As well as representing the economic sustainability, production side of the sector through the agriculture portfolio, I also represent the social and environmental sustainability issues of the rural communities of New Zealand. To have a healthy primary production sector, the needs of the people producing the goods must be addressed.

The new rural affairs unit in MAF has tackled telecommunications, electricity, transport, commerce, health and education issues - many of which are ongoing.

We've also contributed to the Heartland Services Initiative, which sees Government agencies co-ordinating their return to rural areas, as well as setting up the Sustainable Farming Fund with $25 million over three years for projects promoting economic, social, and environmental sustainability in rural communities.

The fund is focussed on producing high-quality results for rural people. The first project to demonstrate its results will do so late next week in Opotiki.

That's where we are now.

As for the future, there will be more change. New structures for the wool industry and for the wine industry are under consideration and there will be movement on both those later this year.

No doubt there will be other changes that come up throughout the rest of this Government's term.

Agriculture is a dynamic sector. It is at the leading edge of innovation and technology adaption. When we talk about a knowledge-driven society or the knowledge economy - we're talking about agriculture. Over the past 15 years or so, since farm subsidies and price supports were abolished, the average annual gain in productivity in agriculture has been 3.9 per cent. For our economy as a whole, 1.1 per cent.

Despite some of the efforts of our best advertising creatives and the mythic images New Zealanders have of themselves, ours is a very urban society. Only about 15 per cent of the population is rural, and increasingly, our children don't get to spend time on farms as they grow up.

It's led to a disturbing situation where kids think milk comes from supermarkets, not cows. A situation where they don't know what primary production is all about - a classic case of out of mind, out of sight.

So now, we seem to have a society where a lot of people - and unfortunately some politicians, though not in this government, I hasten to add - think farmers and other people in the primary production sector are bumpkins, some kind of peasantry, working in a way that people did thousands of years ago.

In New Zealand, that couldn't be further from the truth.

People in agriculture, horticulture, and forestry have been the people quickest to take up new technology, the fastest to adapt developments to their needs, and the swiftest to innovate to develop things that no-one else has come up with.

Here, I presume I'm preaching to the converted.

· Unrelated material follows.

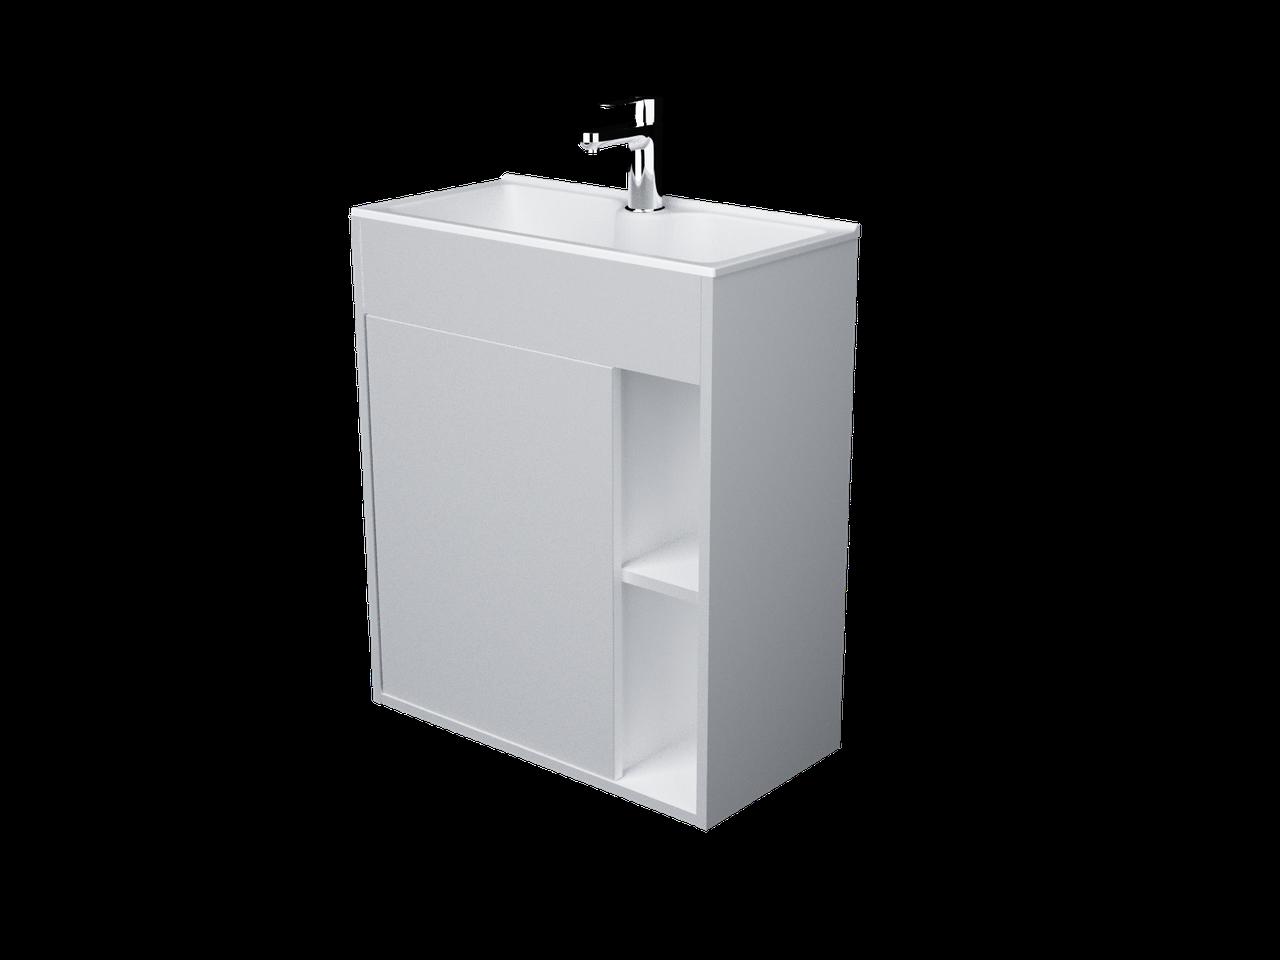 Тумба с раковиной Lido 60 см 1Д.. подвесная (1 дверка). Белый глянец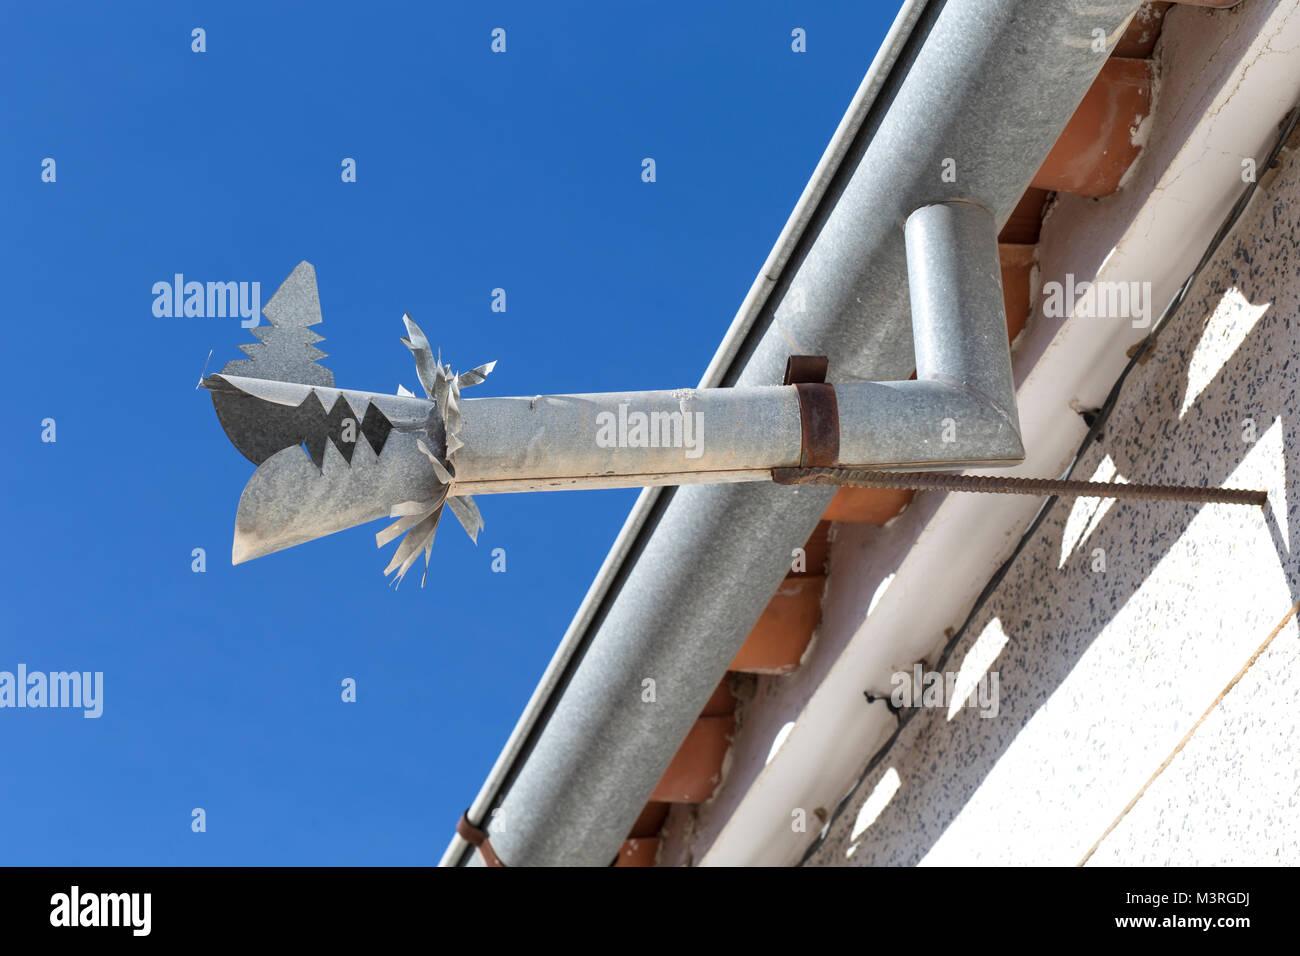 zink dachrinne abflusssystem dragon über blauen himmel geprägt

You know how innovative the New Zealand primary production sector is.

Now, it's time to talk about it - to tell everyone else in the country - and to inspire them to get their sectors to develop the same way.

Prime Minister Helen Clark has talked about this - the need to transform our society, to "catch the knowledge wave".

The Government is doing more than just talk about it.

The Government in partnership with the University of Auckland is working on the Catching the Knowledge Wave project and in August, is hosting an associated international conference.

The Prime Minister will co-host this conference. 450 people from across the social spectrum have been invited to participate to create a working conference with the potential to generate a new consensus on paths to a New Zealand version of a knowledge society.

Whether you're invited to the conference or not, it's an excellent opportunity to tell people about what you do, about how innovative our sector is.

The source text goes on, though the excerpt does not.